Das Klinikum Wolfsburg ist der wichtigste Hilfsmittelverordner. Was Wolfsburg auszeichnet, ist die direkte Verbindung zwischen Stadtgeschichte und Bevölkerungsstruktur: Die Menschen, die Volkswagen groß gemacht haben, werden alt. Und viele von ihnen wohnen noch immer in den Eigenheimen und Siedlungshäusern, die mit dem Werk gebaut wurden.
Ein Sanitätshaus in Wolfsburg ist für viele Menschen in der Autostadt die erste Station nach einer Operation am Klinikum oder bei einer neuen Diagnose. Die Betriebe verteilen sich von der Stadtmitte über Fallersleben und Detmerode bis nach Westhagen und Vorsfelde, sodass kurze Wege selbstverständlich sind. Wer in einem der VW-Eigenheime aus den 1950er bis 1970er Jahren wohnt, kennt das Thema Hilfsmittel oft schon aus dem eigenen Umfeld. Vom Rezept über die Anprobe bis zur Lieferung nach Hause begleitet ein Sanitätshaus Wolfsburg den Alltag von Patientinnen und Patienten Schritt für Schritt.
Die Versorgung mit Hilfsmitteln verteilt sich in Wolfsburg über die ganze Planstadt: zentrale Anlaufstellen in der Stadtmitte, dazu Betriebe in den Stadtteilen wie Detmerode, Westhagen oder Vorsfelde und im historischen Fallersleben. Auch Menschen aus dem Umland, etwa aus Gifhorn und Helmstedt, finden hier ihre Versorgung.

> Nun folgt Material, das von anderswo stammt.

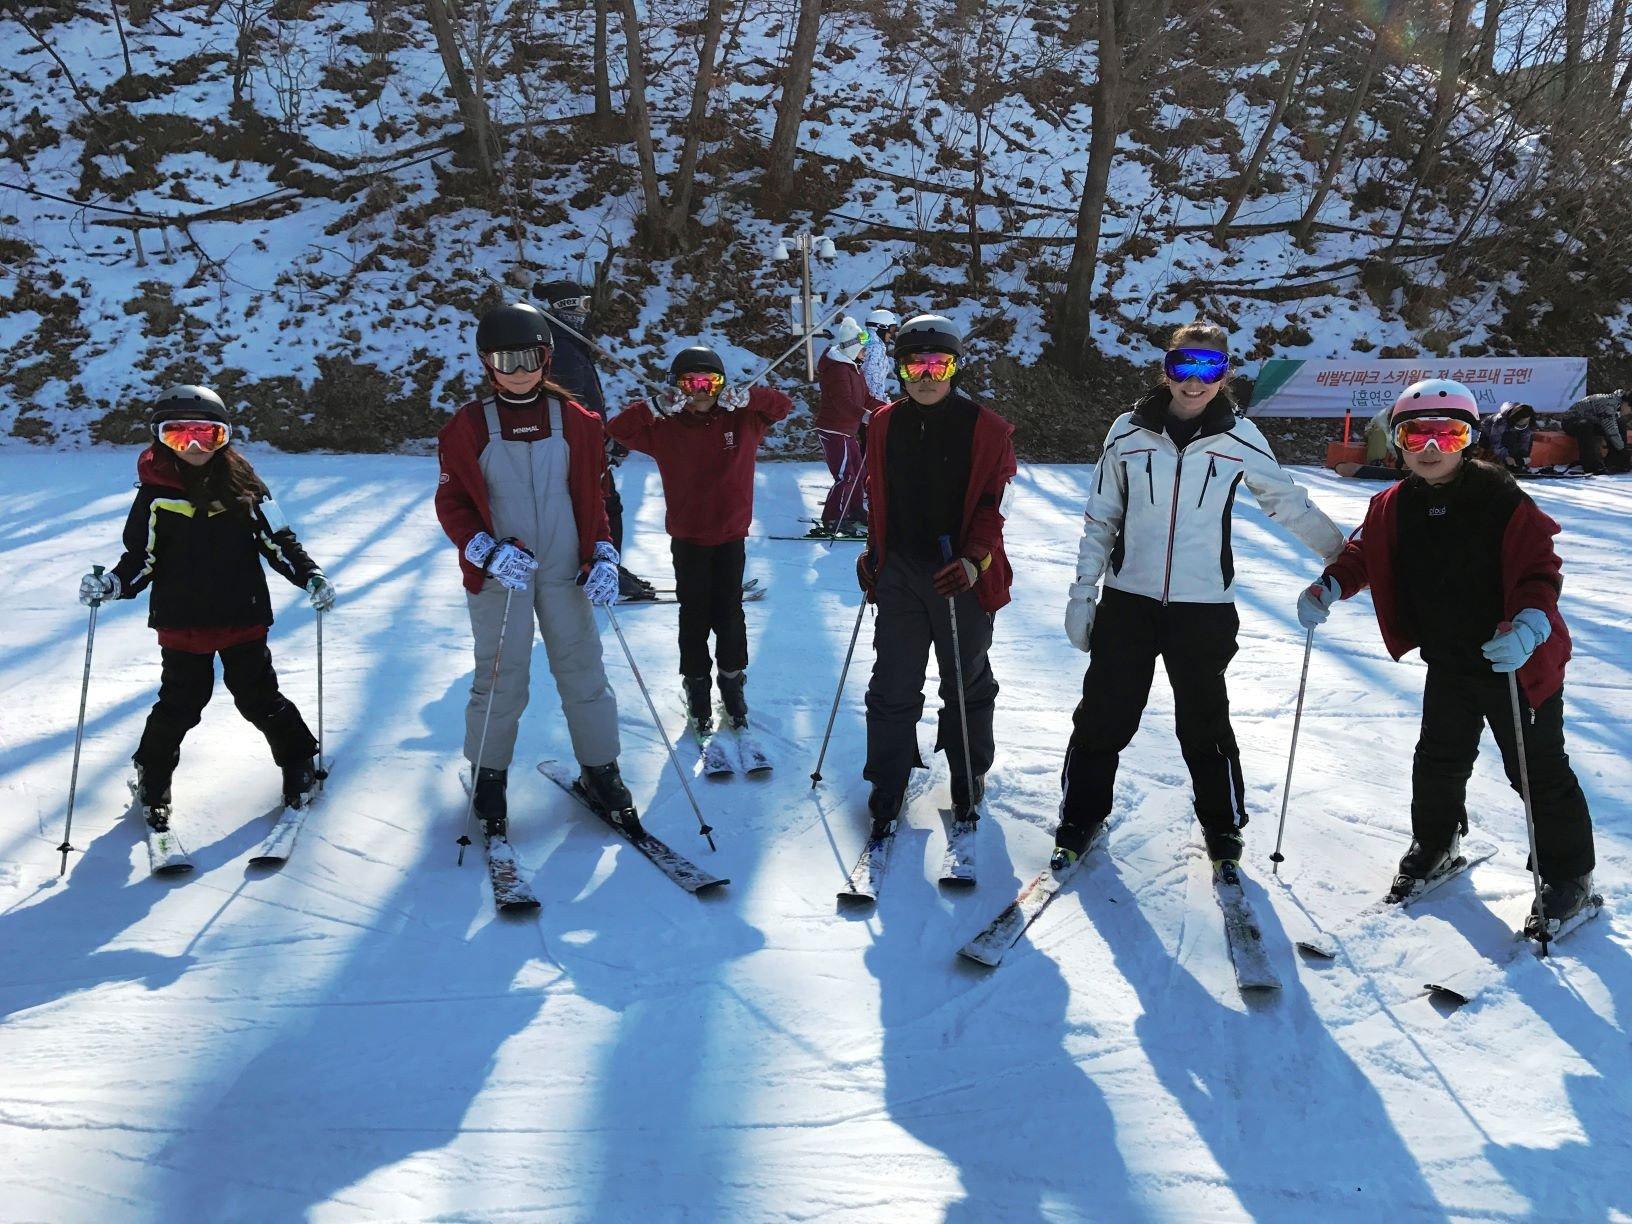 daemyung vivaldi park skiing

Die folgende Übersicht zeigt Sanitätshäuser in Wolfsburg und im direkten Umfeld der Stadt.
Orthopädietechnik
Individuelle Einlagen nach Fußdruckmessung, Orthesen für Knie, Rücken, Schulter und Sprunggelenk sowie Prothesen. Das Klinikum Wolfsburg verordnet nach Gelenkoperationen regelmäßig Orthesen.
Kompressionsversorgung
Maßnehmen und Anprobe vor Ort. Ein Sanitätshaus in der Wolfsburger Stadtmitte übernimmt das direkt.
Rehatechnik
Rollatoren, Rollstühle und Badezimmerhilfen. Ausleihservice nach Klinikaufenthalten.
Alltagshilfen
Anziehhilfen, Greifzangen, Badehilfen und Griffverstärker. Für ältere Wolfsburger in Eigenheimen aus den 1950er bis 1970er Jahren ein praktischer Grundbedarf.
Pflegehilfsmittel
Menschen mit Pflegegrad erhalten Pflegehilfsmittel ohne Eigenkosten.
Homecare
Einige Betriebe in Wolfsburg liefern Inkontinenzversorgung und Wundversorgung nach Hause.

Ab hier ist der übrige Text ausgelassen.